WHAT THIS TASK INVOLVES — Retype the whole listing, please, keeping every line exact and dropping the pictures.

DATA SHOWN —

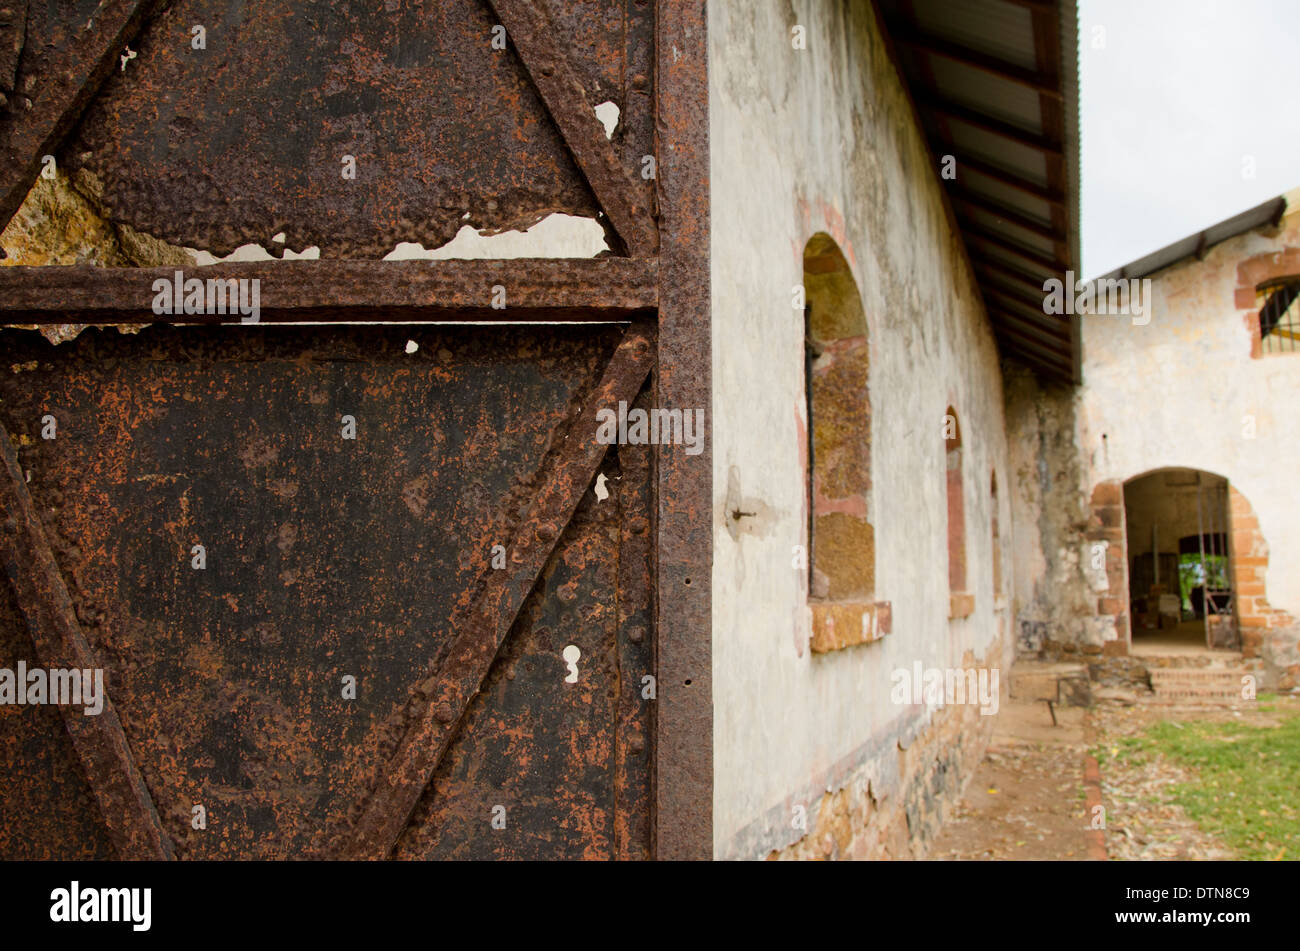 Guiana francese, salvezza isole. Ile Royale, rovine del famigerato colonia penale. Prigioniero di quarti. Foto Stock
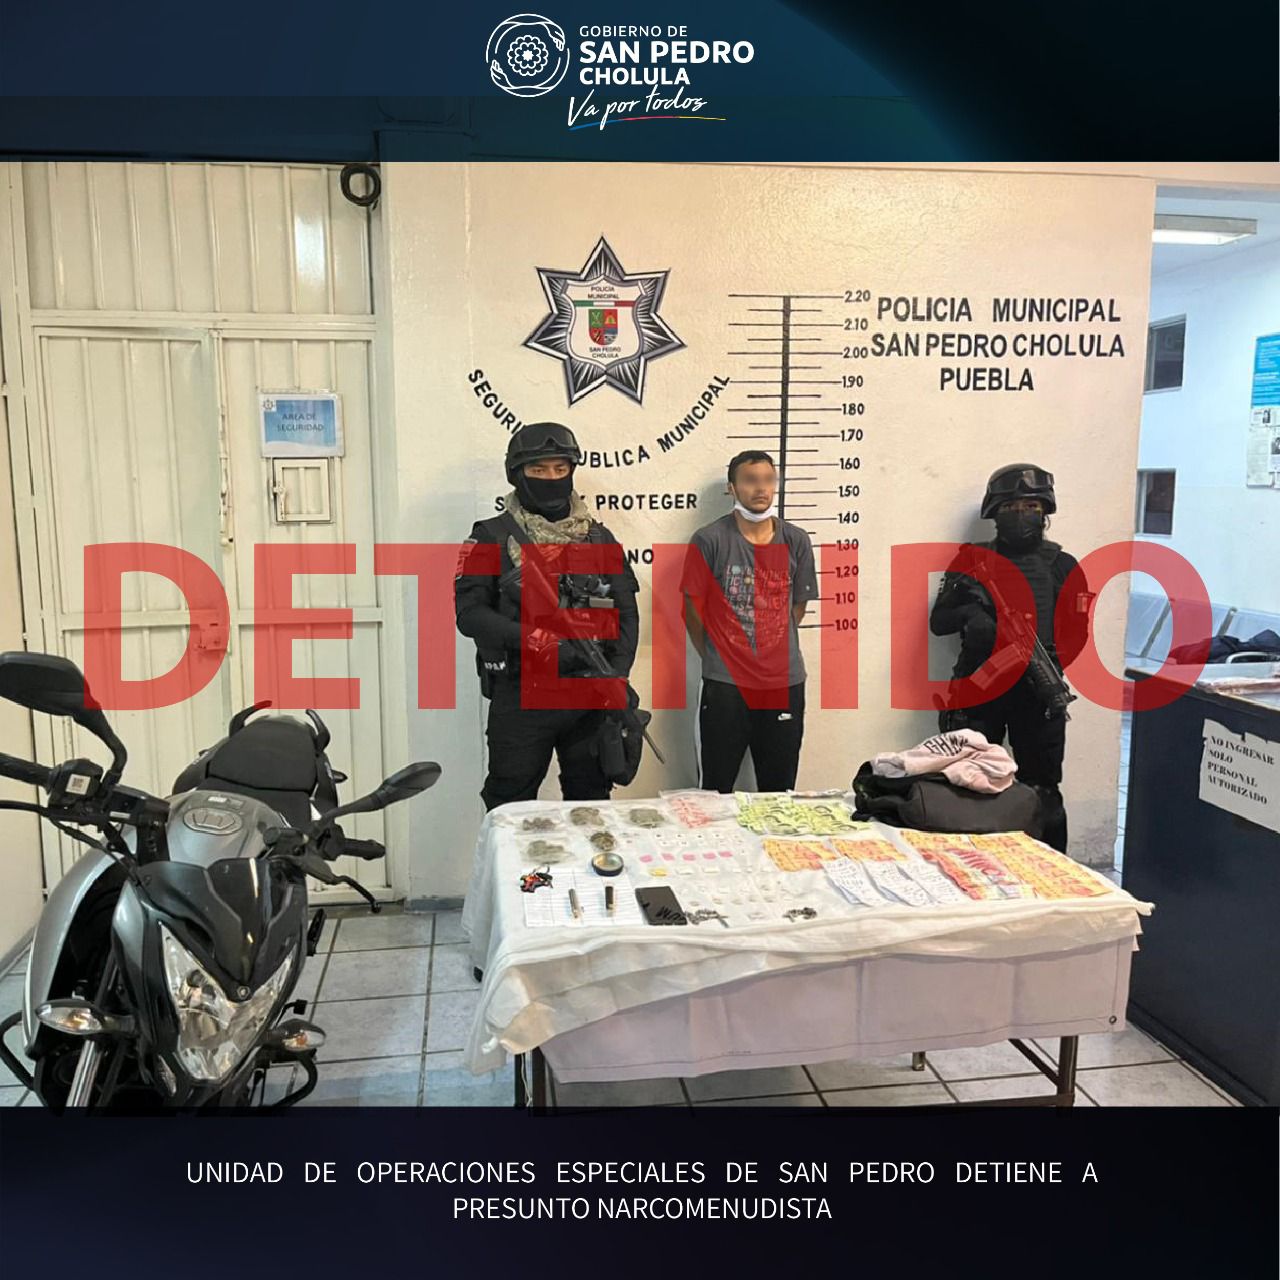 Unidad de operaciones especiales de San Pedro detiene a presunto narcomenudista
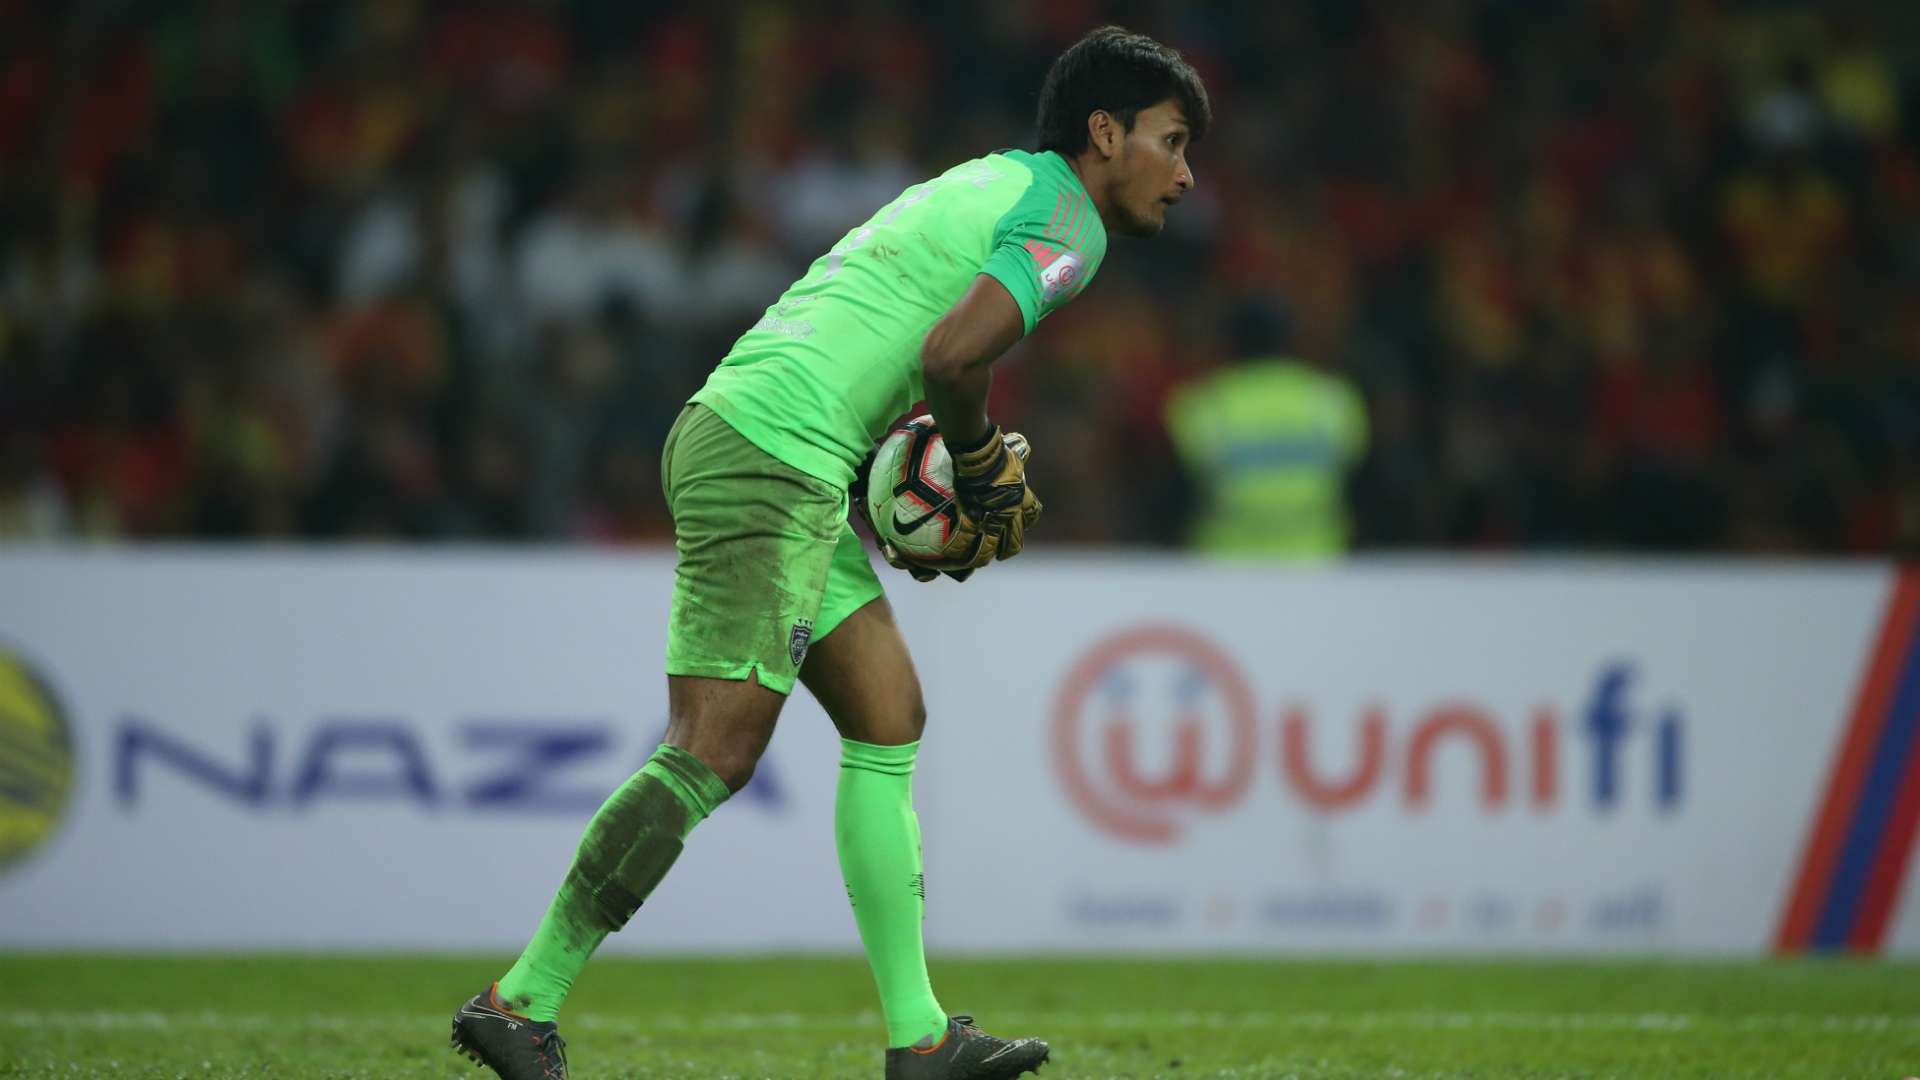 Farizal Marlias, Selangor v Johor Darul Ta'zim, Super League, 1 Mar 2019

RESULT OF THE TASK —
 Guiana francese, salvezza isole. Ile Royale, rovine del famigerato colonia penale. Prigioniero di quarti. Foto Stock
 Unidad de operaciones especiales de San Pedro detiene a presunto narcomenudista
 Farizal Marlias, Selangor v Johor Darul Ta'zim, Super League, 1 Mar 2019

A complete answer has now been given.